We've all heard how the h.264 is rolled over on patents and royalties. Even with these facts, I kept supporting the best-performing "delivery" codec in the market, which is h.264. "Let the best win", I kept thinking. But it wasn't until very recently when I was made aware that the problem is way deeper. No, my friends. It's not just a matter of just "picking Theora" to export a video to Youtube and be clear of any litigation. MPEG-LA's trick runs way deeper! The [street-smart] people at MPEG-LA have made sure that from the moment we use a camera or camcorder to shoot an mpeg2 (e.g. HDV cams) or h.264 video (e.g. digicams, HD dSLRs, AVCHD cams), we owe them royalties, even if the final video distributed was not encoded using their codecs! Let me show you how deep the rabbit hole goes.

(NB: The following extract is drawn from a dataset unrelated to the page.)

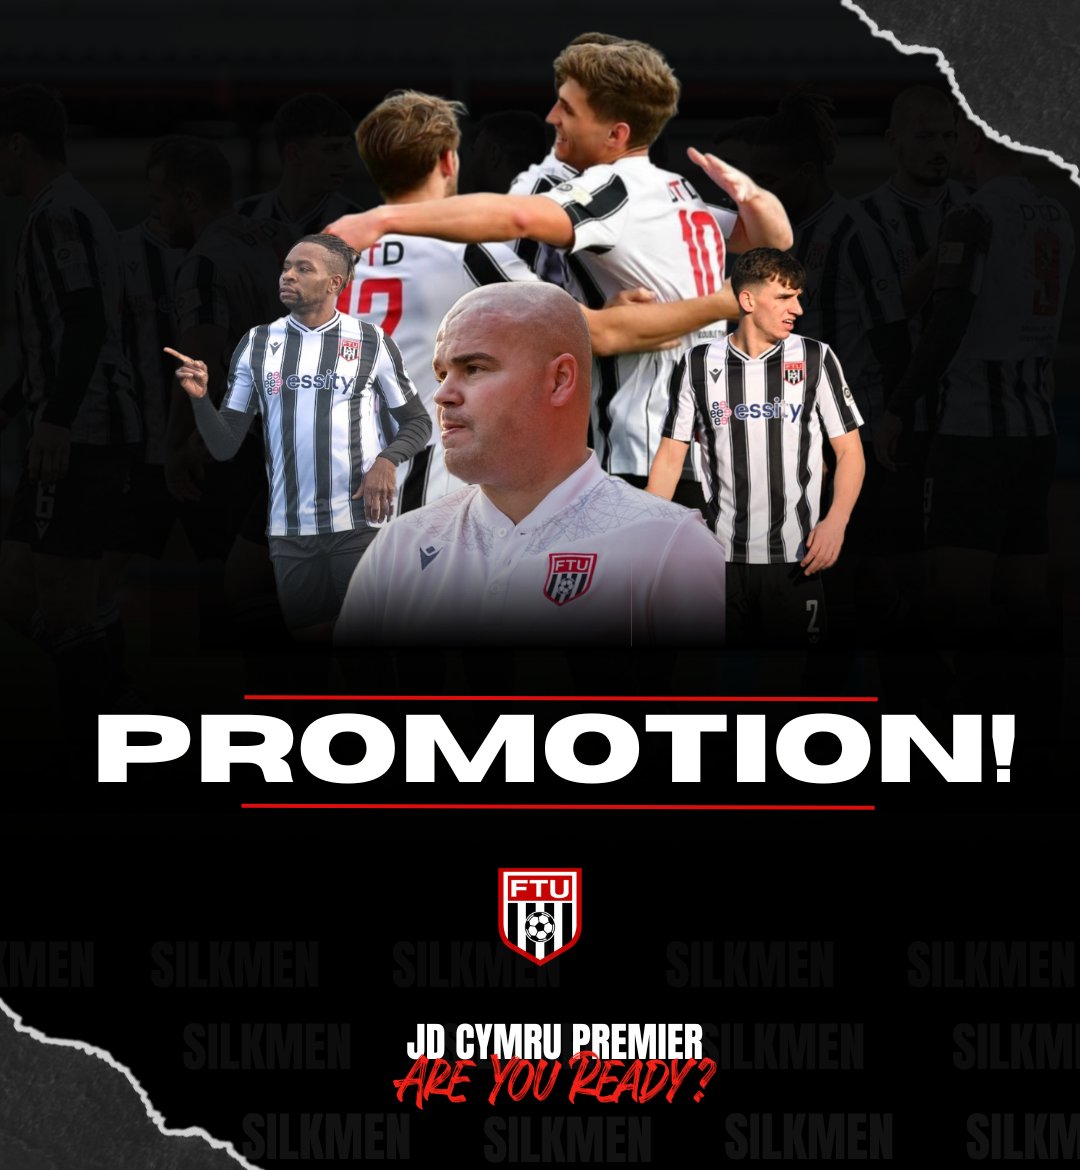 We're heading back into the Cymru Premier League, and if your business or company would like to join us on our journey we'd be delighted to have you on board. Email flinttownfc@gmail.com to find out more about our sponsorship packages & commercial partnerships ⚪⚫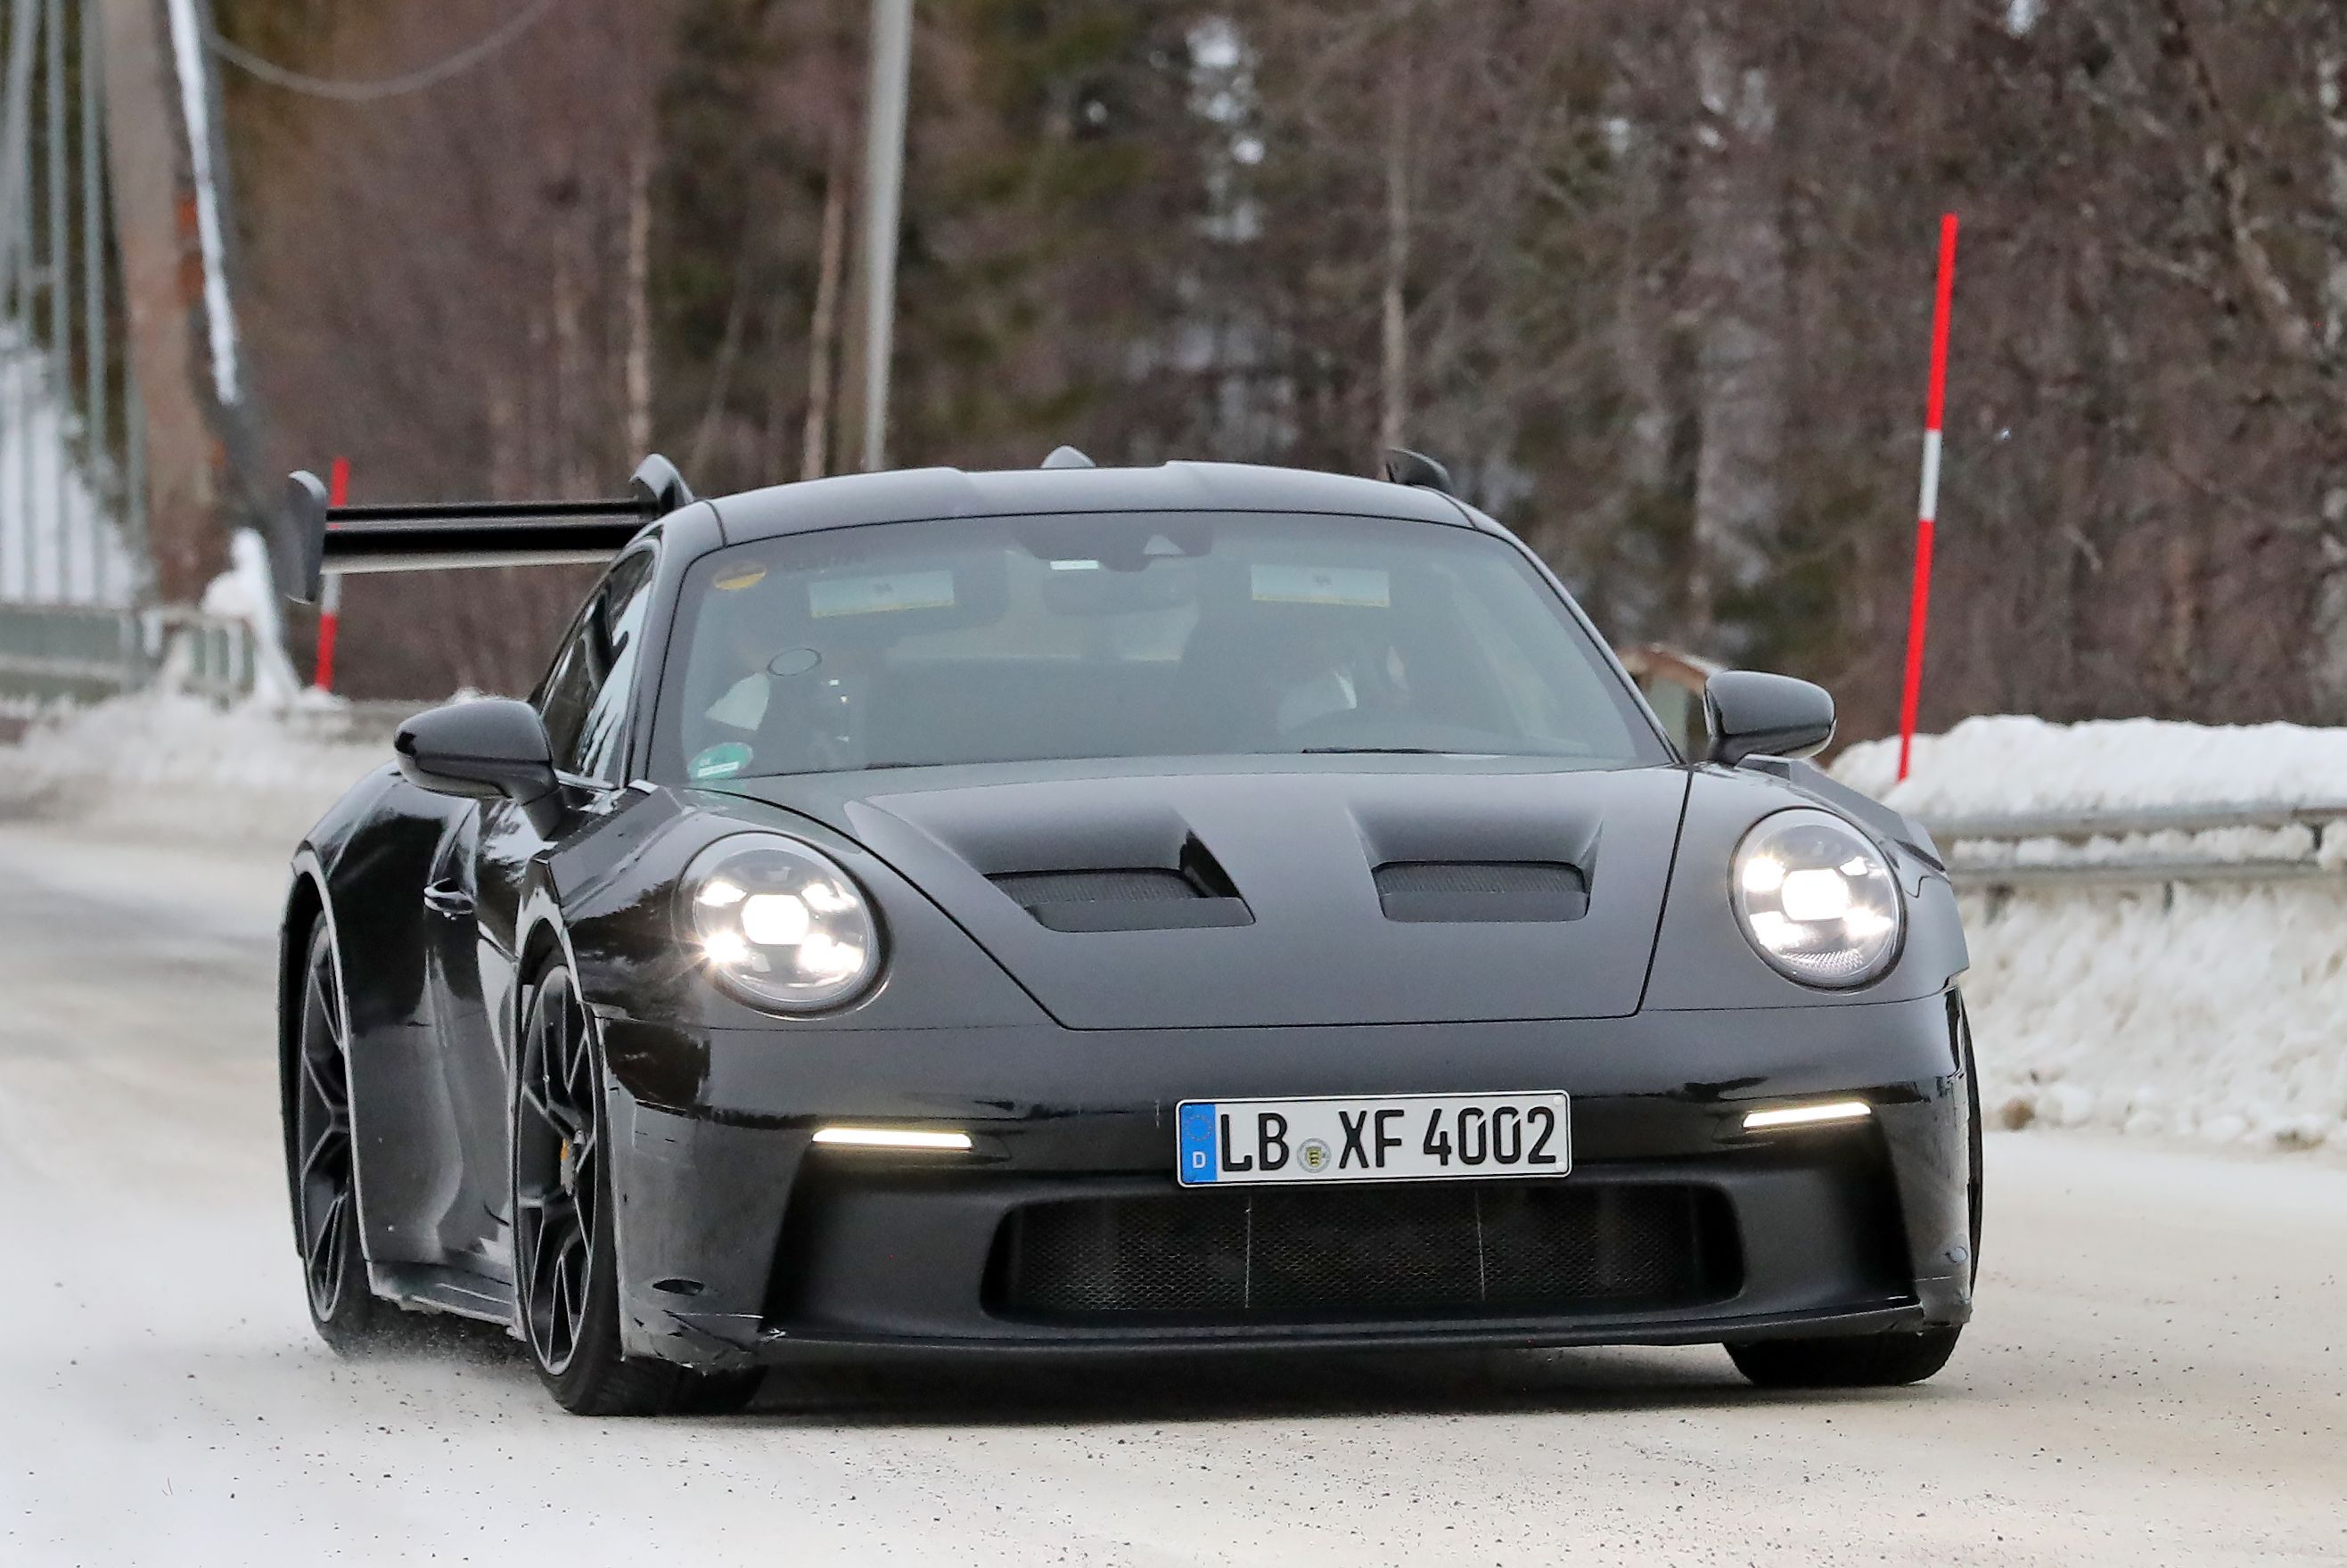 2023 Porsche 911 GT3 RS spy shots and video: New track star coming Aug. 17

Finally, we have the following insane story:

MobileMedia Ideas LLC didn't create a big stir when it launched in January. Instead, the holding company simply issued a press release in which it let the world know that it would "make available" its innovations, (which is, of course, generally considered to be patent-speak for, "We will be suing people shortly"). MobileMedia, which holds 122 patents it acquired from Sony and Nokia, was even quieter when it acted on its euphemistic pledge in March by filing separate infringement suits against three leading smartphone makers.

one of the companies targeted in MobileMedia's initial batch of suits is Apple (the others were BlackBerry maker Research in Motion and HTC). Apple happens to be among the companies that has contributed patents to MPEG-LA patent pools, including those covering the MPEG-4 and the IEEE 1394 (Firewire) standards.

The thing is, MobileMedia is owned by MPEG-LA – which means that Apple has contributed patents to the latter's patent pools, but is being sued by its subsidiary MobileMedia for patent infringement.

In fact, this situation partly explains why software patent suits are becoming more common. There are now so many patent thickets – groups of indispensable patents without which its impossible to operate in a given domain – that it's almost inevitable that everyone is infringing on something (which is why they are bad news for free software: it's simply not possible to code around them – there is *no* “around”....)

These patent thickets also demonstrate why the software patent system is a failure. Patents are supposed to encourage innovation – or, as Microsoft puts it, ensure that there is “a healthy and vibrant IT ecosystem". But that is precisely what patent thickets prevent: they block innovation, because in practice it remains dependent on pre-existing patents, giving the main players a choke-hold over startups. And the ecosystem can't flourish because the patent thicket forms a kind of barrier that rings the domain in every direction, preventing further growth.

The only hope can be that the growing number of self-cancelling patent lawsuits – where the only winners are the lawyers – will eventually bring if not the industry at least the courts to their senses. The big in re Bilski decision still hasn't been handed down, so we don't know what it will say or what its scope will be. Despite this, it still represents our best hope for a more rational approach to encouraging innovation than the terminally broken one the computing industry currently groans under.